# Best exercises for definition? Abs?



## Corporal Hicks (May 18, 2005)

Hi, I'm currently not using gym equipment and simply using bodyweight! 
Is there a certain number of reps that you need to do or types of exercises that you can do to increase definition of muscles?
Particually the abs? or is that simply the diet that you choose to eat?
Does the type of ab exercise determine how much you will recieve back? i.e. are flutter kicks more effective than V-ups?

Regards


----------



## Tgace (May 18, 2005)

Nope...the 6 pack is made in the kitchen, not the the gym. There is no such thing as spot reduction.


----------



## Jaymeister (May 18, 2005)

Exercising your abs is important too, and it's also a good idea to have strong abs in MA (just remember to train your back as well).

Here's a link to some pictures from an article I found. You should be able to do most of the exercises, even though this article assumes that you train in a gym. Also, it could be a good idea to buy/make a training bench.

But diet is definitely the most important part, so start cutting if you want that six-pack.


----------



## Bammx2 (May 18, 2005)

Jaymeister said:
			
		

> Exercising your abs is important too, and it's also a good idea to have strong abs in MA (just remember to train your back as well).
> 
> Here's a link to some pictures from an article I found. You should be able to do most of the exercises, even though this article assumes that you train in a gym. Also, it could be a good idea to buy/make a training bench.
> 
> But diet is definitely the most important part, so start cutting if you want that six-pack.


good exercises!
But that one hanging upside down is for the birds!
(or bats
	

	
	
		
		

		
			





)

But yea....
all the crunches in the world isn't going to give you a 6 pack.
Aerobics+diet+ab work= 6 pak!

I cheated....I traded my 6 pack for a beer-ball


----------



## punisher73 (May 18, 2005)

The abs are just like other muscles in that 1) they can be overtrained and 2) they will get bigger and stronger with progressive overload. 

If all you do for abs is high reps with bodyweight they will get a little bigger, but you will mainly be training them for endurance.  Also, as has been pointed out you can have the strongest abs in the world but if they are under a layer of fat no one is going to see them.
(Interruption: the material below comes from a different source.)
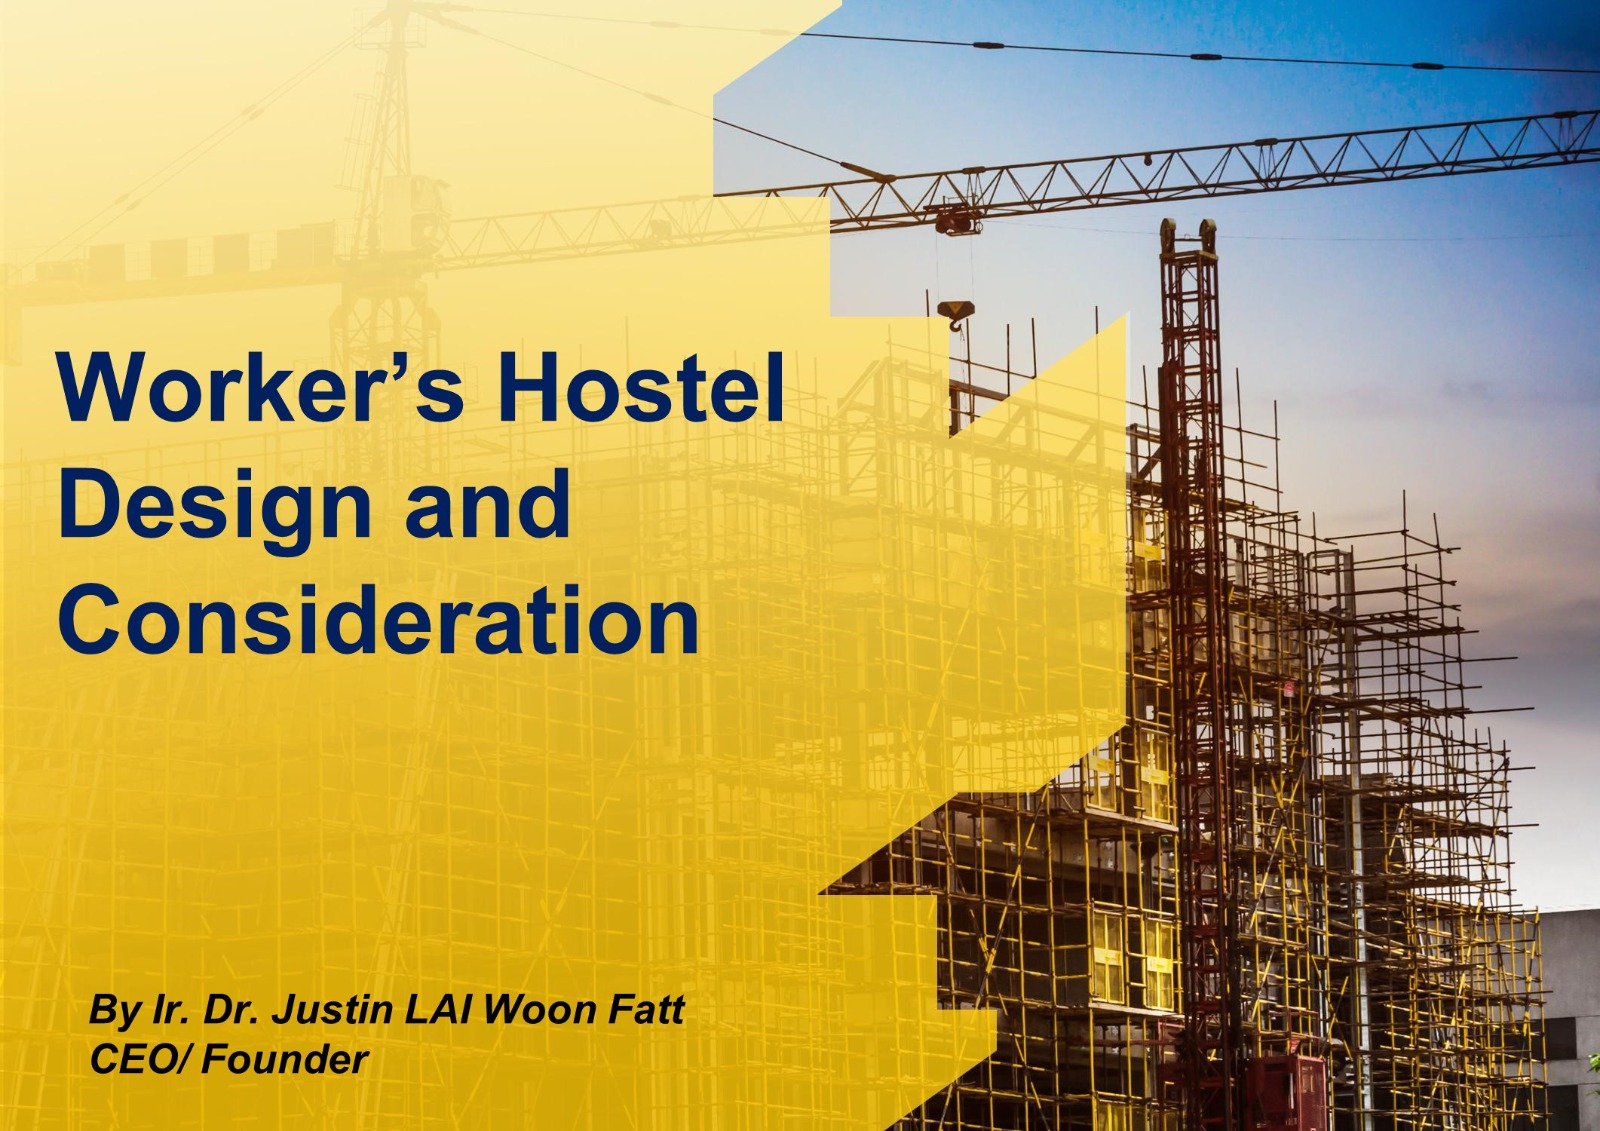 Worker’s Hostel Design and Consideration

Spot reduction is a myth that has some basis in truth.  The body stores fat in different places depending on male and female and will store it in those areas more quickly than other areas. so when you start to lose fat it will lose from certain storage areas before others. But, it is mainly fat loss over the whole body.  You can't have fat arms/legs etc. and have a nice 6 pack because you did your sit ups.
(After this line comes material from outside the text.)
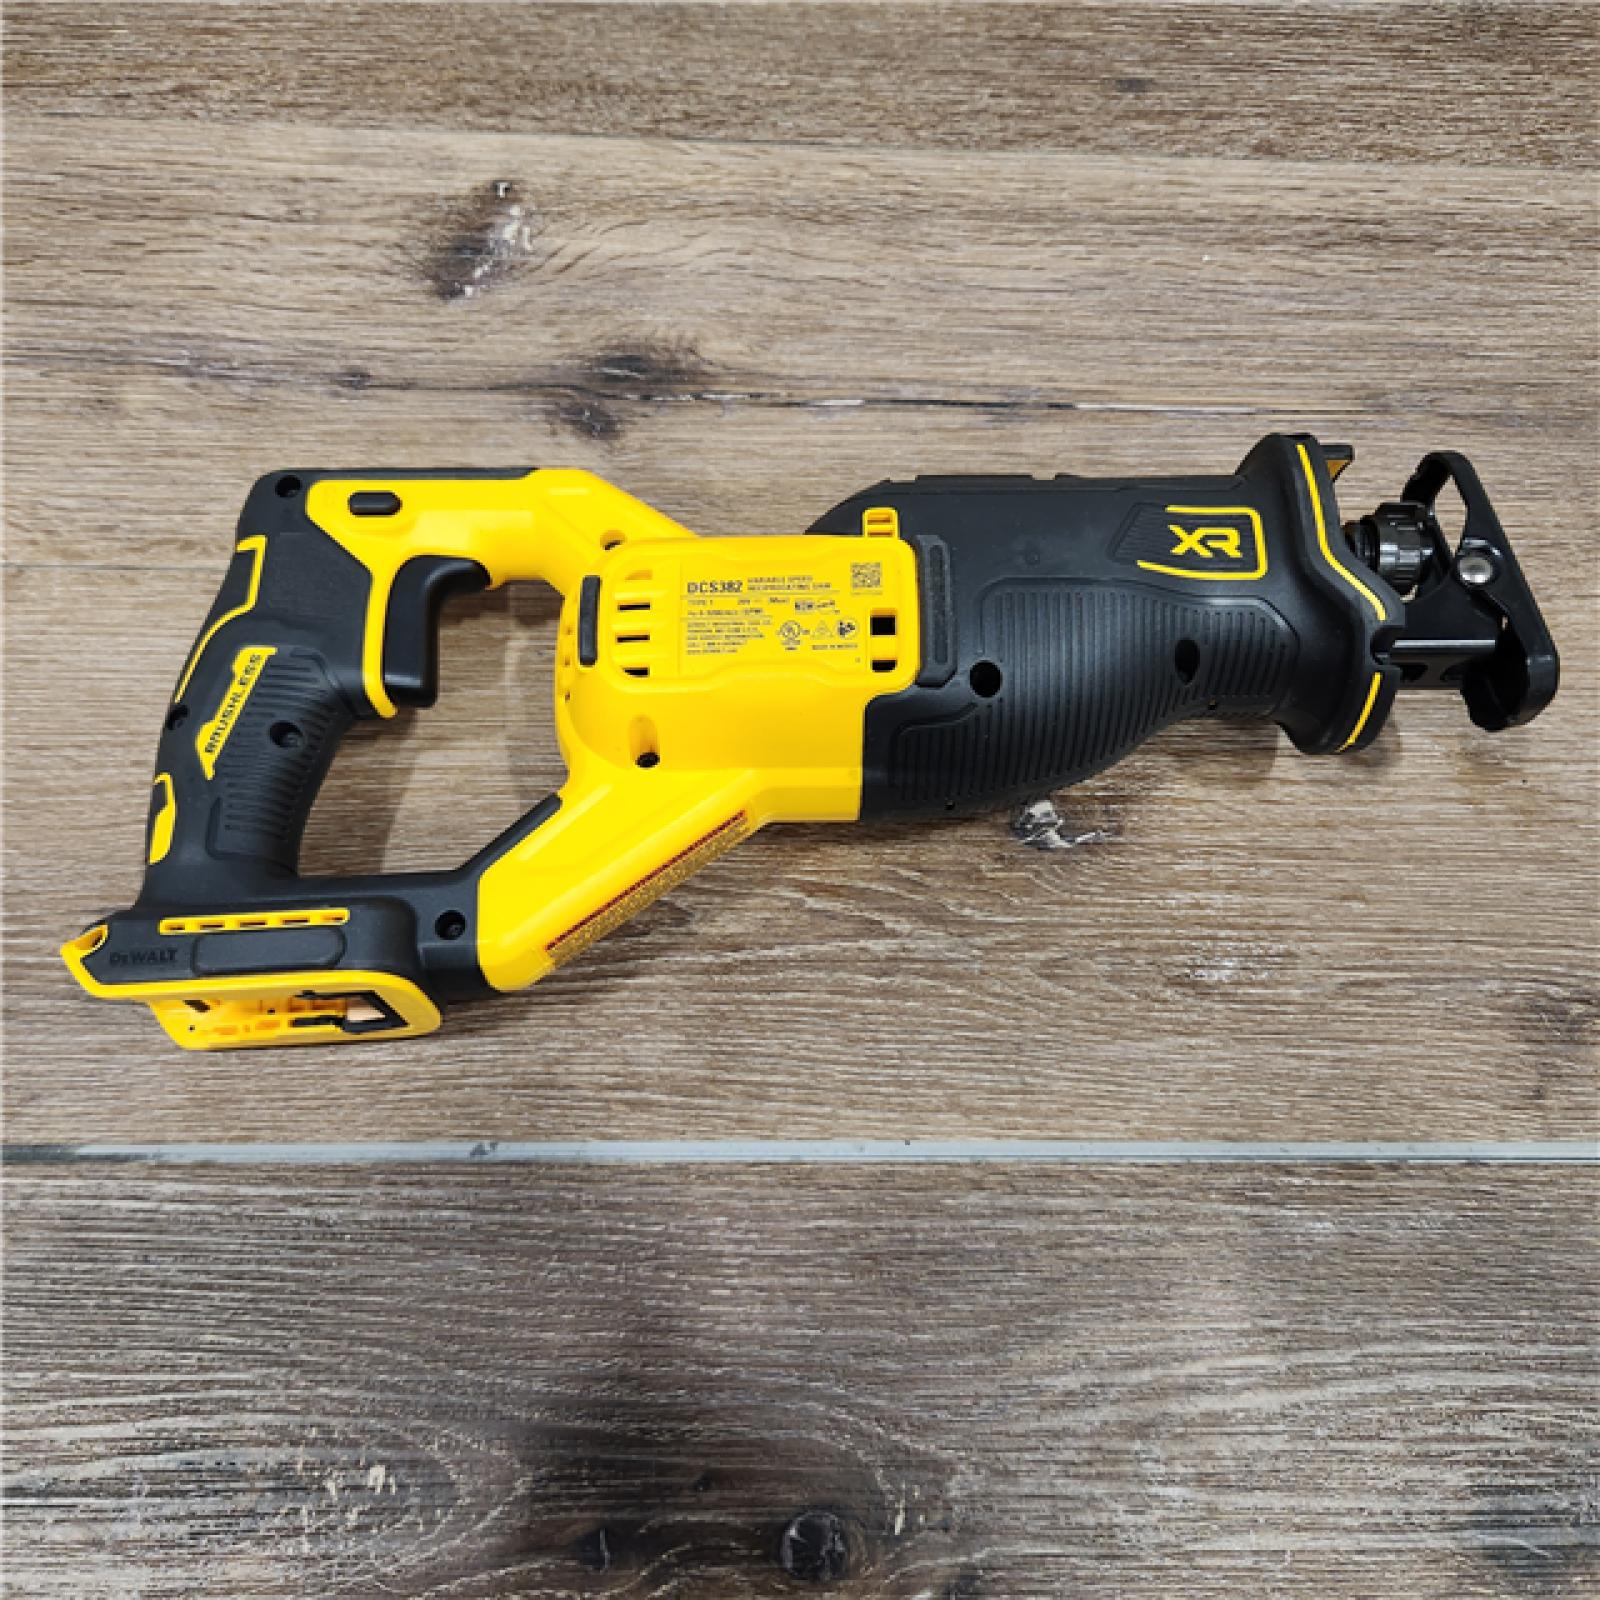 AS-IS Dewalt DCS382B 20V MAX XR Cordless Brushless Reciprocating Saw (Bare Tool)

If you can even get access to a cinder block or something with weight I would suggest adding weighted crunches into your routine at some point to make the muscle a little bigger as well as stronger to show more when the bodyfat gets lower.


----------



## ginshun (May 19, 2005)

I definately think that it has more to do with body fat that with ab strength.  I have seen some pretty skinny guys, with pretty weak muscles who have a six pack, and some big guys with incredibly strong abs that you can't even see there ab muscles.


----------



## searcher (May 19, 2005)

Tgace said:
			
		

> Nope...the 6 pack is made in the kitchen, not the the gym. There is no such thing as spot reduction.
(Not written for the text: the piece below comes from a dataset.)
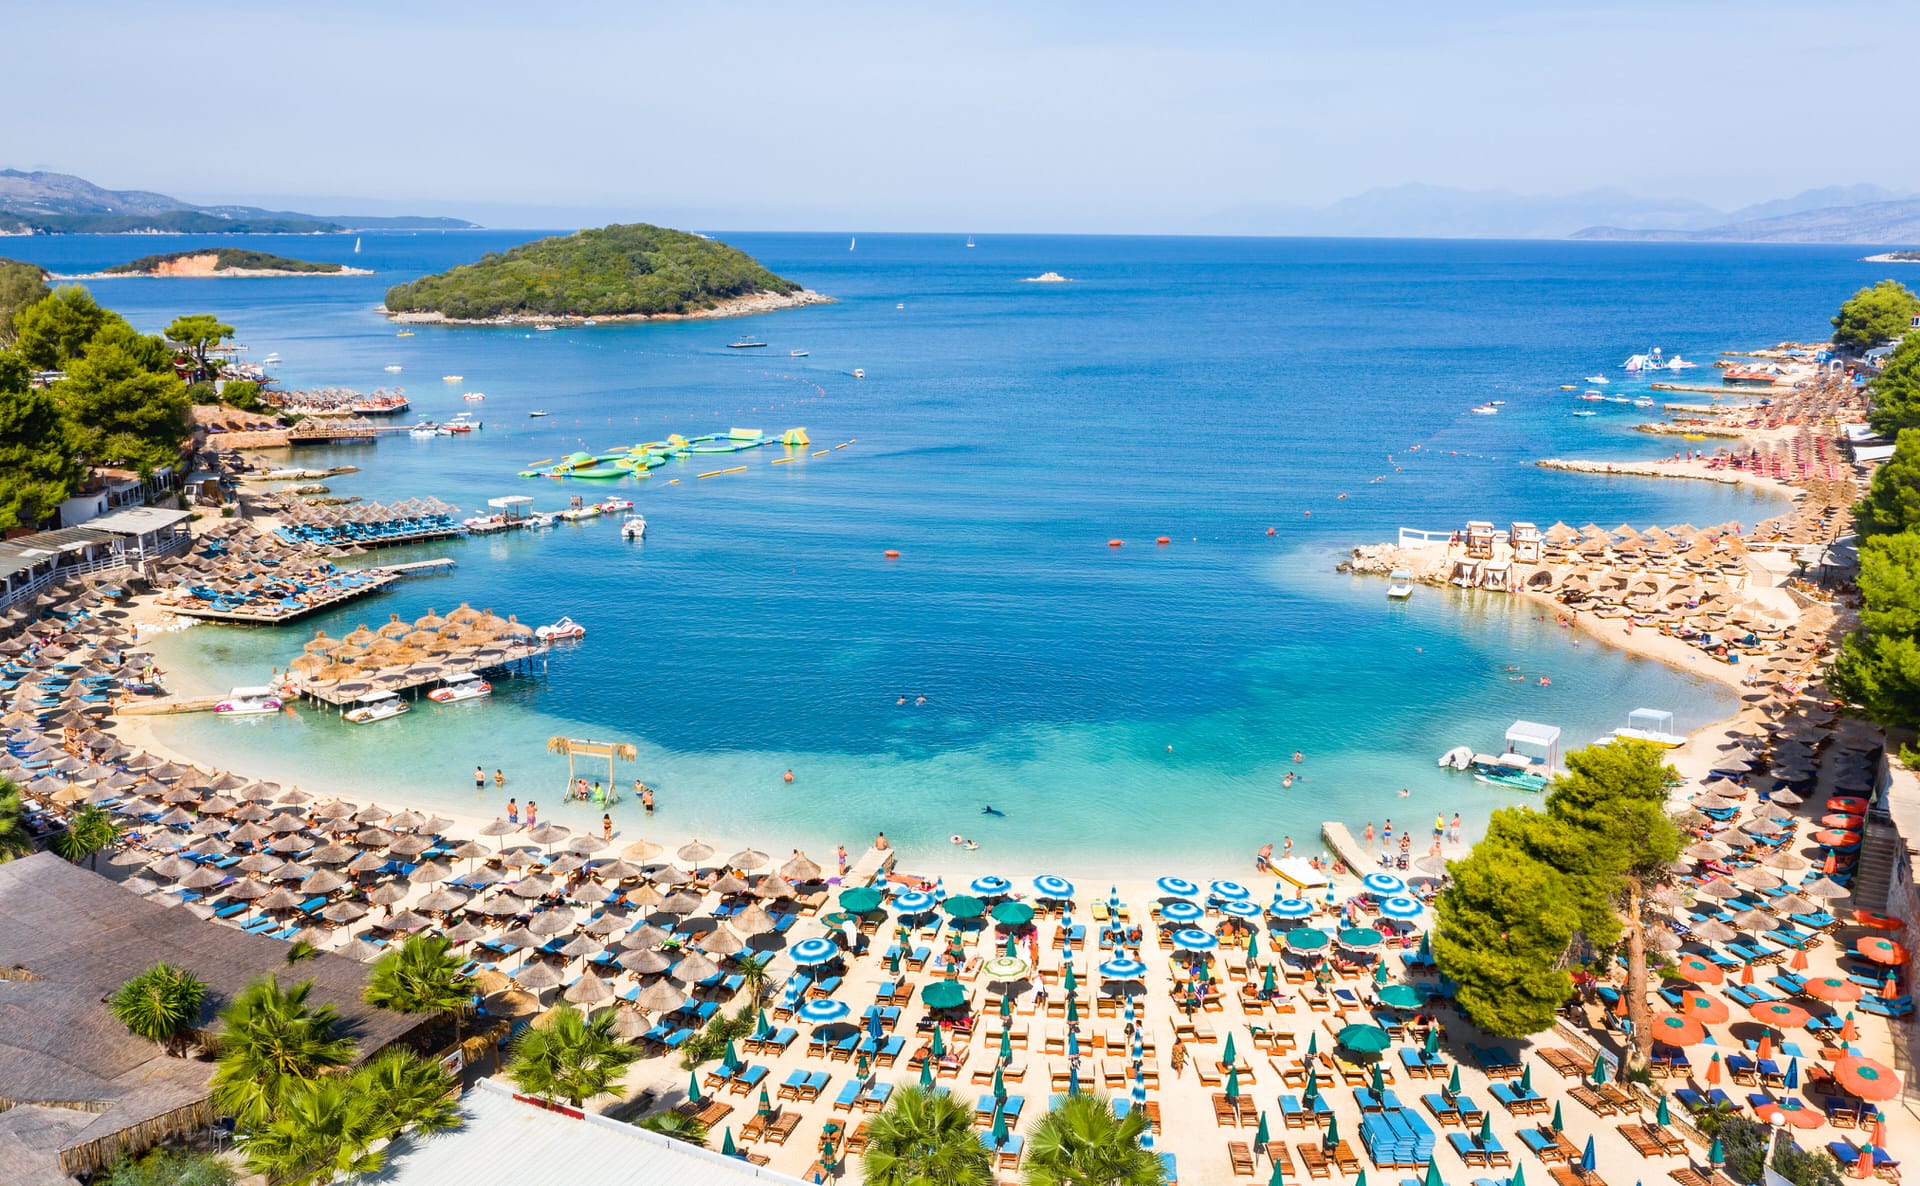 Beautiful beaches of Ksamil with its four islands in the distance

You are right on the money.   Most people overlook the ALL IMPORTANT dietary.

As for the best exercise to help get the abs to reduce in fat.   You will have to reduce your total body fat %.   The exercises that will help you most are squats.   Why, you ask?  because the legs are the most used body part and if you put muscle on there you will burn more calories and more fat.


----------



## Brother John (May 19, 2005)

Tgace said:
			
		

> Nope...the 6 pack is made in the kitchen, not the the gym. There is no such thing as spot reduction.


THAT is EXACTLY the case. There are NO exercises, for any muscle group, that enhance muscular definition/delineation and seperation. That is achieved through weight training (to cause the muscles to become a bit more rounded and thus seperating somewhat)...and then losing the fat and the body-water.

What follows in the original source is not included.